5.2.3.7.  Pre-filter

   In the pre-filter, the input signal is filtered using the spectral
   valley de-emphasis filter coefficients from the noise shaping
   analysis (see Section 5.2.3.3).  By applying only the noise shaping
   analysis filter to the input signal, it provides the input to the
   noise shaping quantizer.

5.2.3.8.  Noise Shaping Quantizer

   The noise shaping quantizer independently shapes the signal and
   coding noise spectra to obtain a perceptually higher quality at the
   same bitrate.

   The pre-filter output signal is multiplied with a compensation gain G
   computed in the noise shaping analysis.  Then, the output of a
   synthesis shaping filter is added, and the output of a prediction
   filter is subtracted to create a residual signal.  The residual
   signal is multiplied by the inverse quantized quantization gain from
   the noise shaping analysis and input to a scalar quantizer.  The
   quantization indices of the scalar quantizer represent a signal of
   pulses that is input to the pyramid range encoder.  The scalar
   quantizer also outputs a quantization signal, which is multiplied by
   the quantized quantization gain from the noise shaping analysis to
   create an excitation signal.  The output of the prediction filter is
   added to the excitation signal to form the quantized output signal
   y(n).  The quantized output signal y(n) is input to the synthesis
   shaping and prediction filters.

RFC6716 - Page 150

   Optionally, the noise shaping quantizer operates in a delayed
   decision mode.  In this mode, it uses a Viterbi algorithm to keep
   track of multiple rounding choices in the quantizer and select the
   best one after a delay of 32 samples.  This improves the rate/
   distortion performance of the quantizer.

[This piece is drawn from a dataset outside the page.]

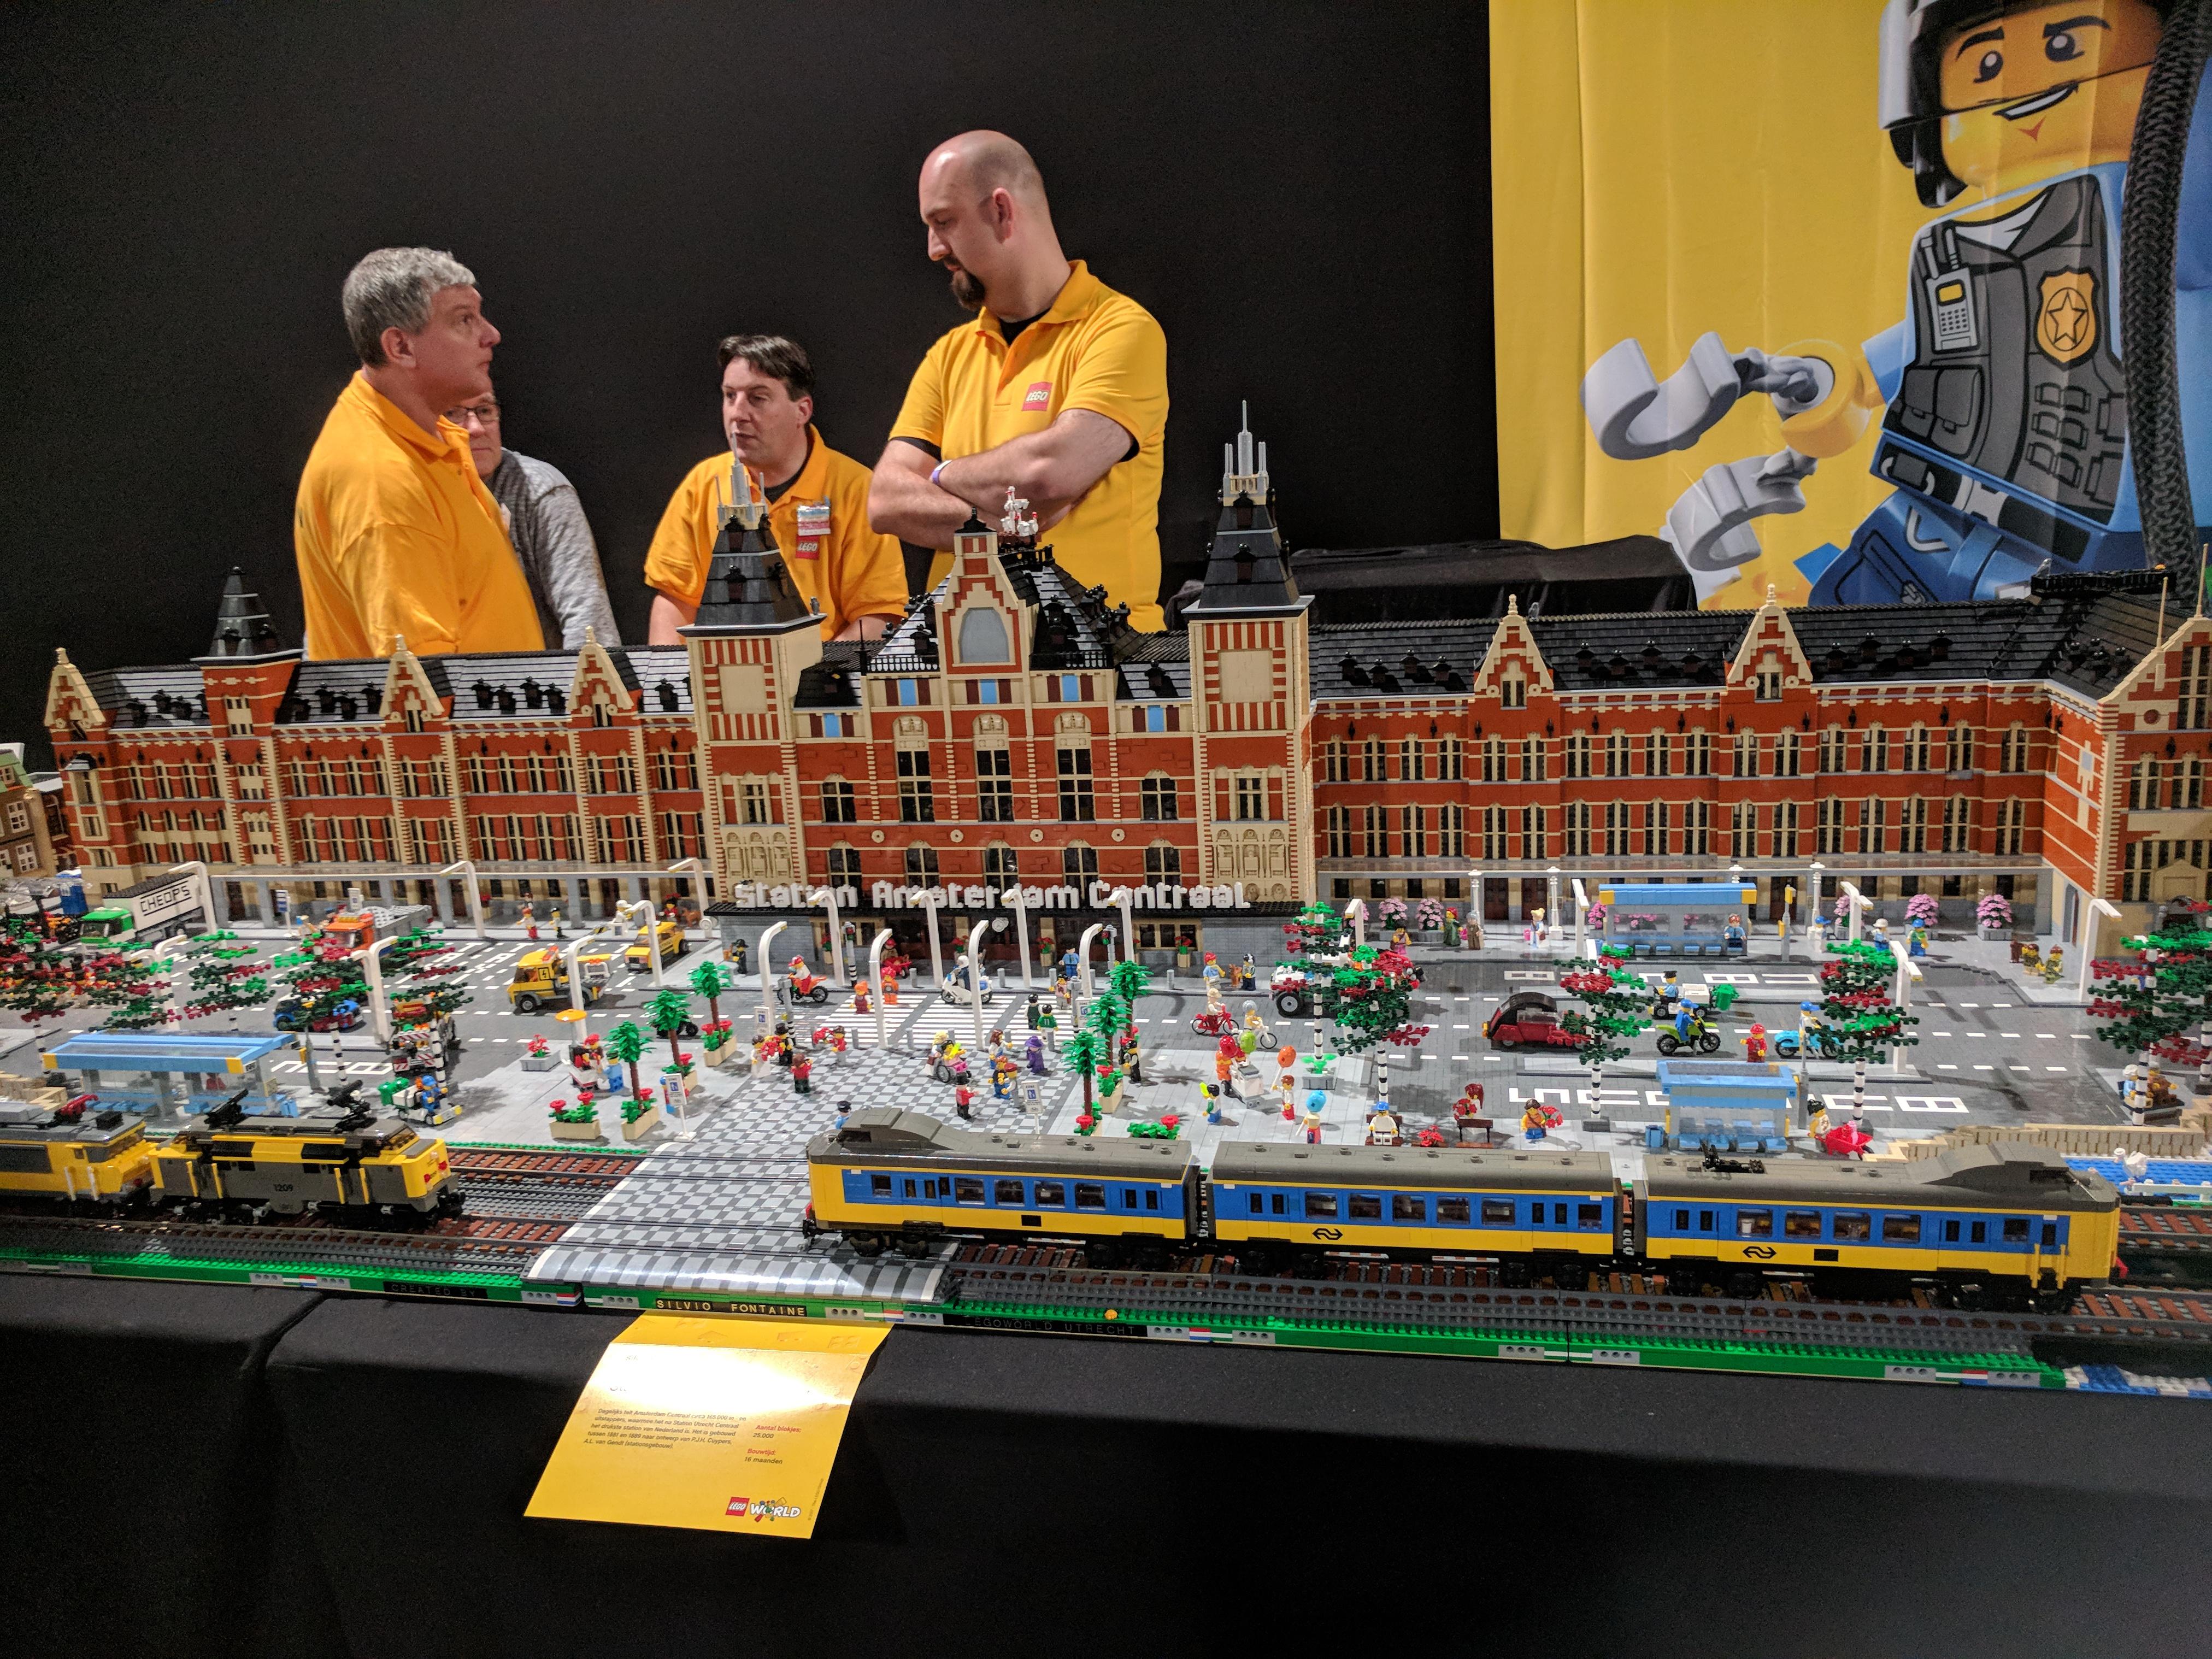 Amsterdam Centraal Lego World 2017

5.2.3.9.  Constant Bitrate Mode

   SILK was designed to run in variable bitrate (VBR) mode.  However,
   the reference implementation also has a constant bitrate (CBR) mode
   for SILK.  In CBR mode, SILK will attempt to encode each packet with
   no more than the allowed number of bits.  The Opus wrapper code then
   pads the bitstream if any unused bits are left in SILK mode, or it
   encodes the high band with the remaining number of bits in Hybrid
   mode.  The number of payload bits is adjusted by changing the
   quantization gains and the rate/distortion trade-off in the noise
   shaping quantizer, in an iterative loop around the noise shaping
   quantizer and entropy coding.  Compared to the SILK VBR mode, the CBR
   mode has lower audio quality at a given average bitrate and has
   higher computational complexity.

5.3.  CELT Encoder

   Most of the aspects of the CELT encoder can be directly derived from
   the description of the decoder.  For example, the filters and
   rotations in the encoder are simply the inverse of the operation
   performed by the decoder.  Similarly, the quantizers generally
   optimize for the mean square error (because noise shaping is part of
   the bitstream itself), so no special search is required.  For this
   reason, only the less straightforward aspects of the encoder are
   described here.

5.3.1.  Pitch Pre-filter

   The pitch pre-filter is applied after the pre-emphasis.  It is
   applied in such a way as to be the inverse of the decoder's post-
   filter.  The main non-obvious aspect of the pre-filter is the
   selection of the pitch period.  The pitch search should be optimized
   for the following criteria:

   o  continuity: it is important that the pitch period does not change
      abruptly between frames; and

   o  avoidance of pitch multiples: when the period used is a multiple
      of the real period (lower frequency fundamental), the post-filter
      loses most of its ability to reduce noise

RFC6716 - Page 151

5.3.2.  Bands and Normalization

   The MDCT output is divided into bands that are designed to match the
   ear's critical bands for the smallest (2.5 ms) frame size.  The
   larger frame sizes use integer multiples of the 2.5 ms layout.  For
   each band, the encoder computes the energy that will later be
   encoded.  Each band is then normalized by the square root of the
   *unquantized* energy, such that each band now forms a unit vector X.
   The energy and the normalization are computed by
   compute_band_energies() and normalise_bands() (bands.c),
   respectively.

5.3.3.  Energy Envelope Quantization

   Energy quantization (both coarse and fine) can be easily understood
   from the decoding process.  For all useful bitrates, the coarse
   quantizer always chooses the quantized log energy value that
   minimizes the error for each band.  Only at very low rate does the
   encoder allow larger errors to minimize the rate and avoid using more
   bits than are available.  When the available CPU requirements allow
   it, it is best to try encoding the coarse energy both with and
   without inter-frame prediction such that the best prediction mode can
   be selected.  The optimal mode depends on the coding rate, the
   available bitrate, and the current rate of packet loss.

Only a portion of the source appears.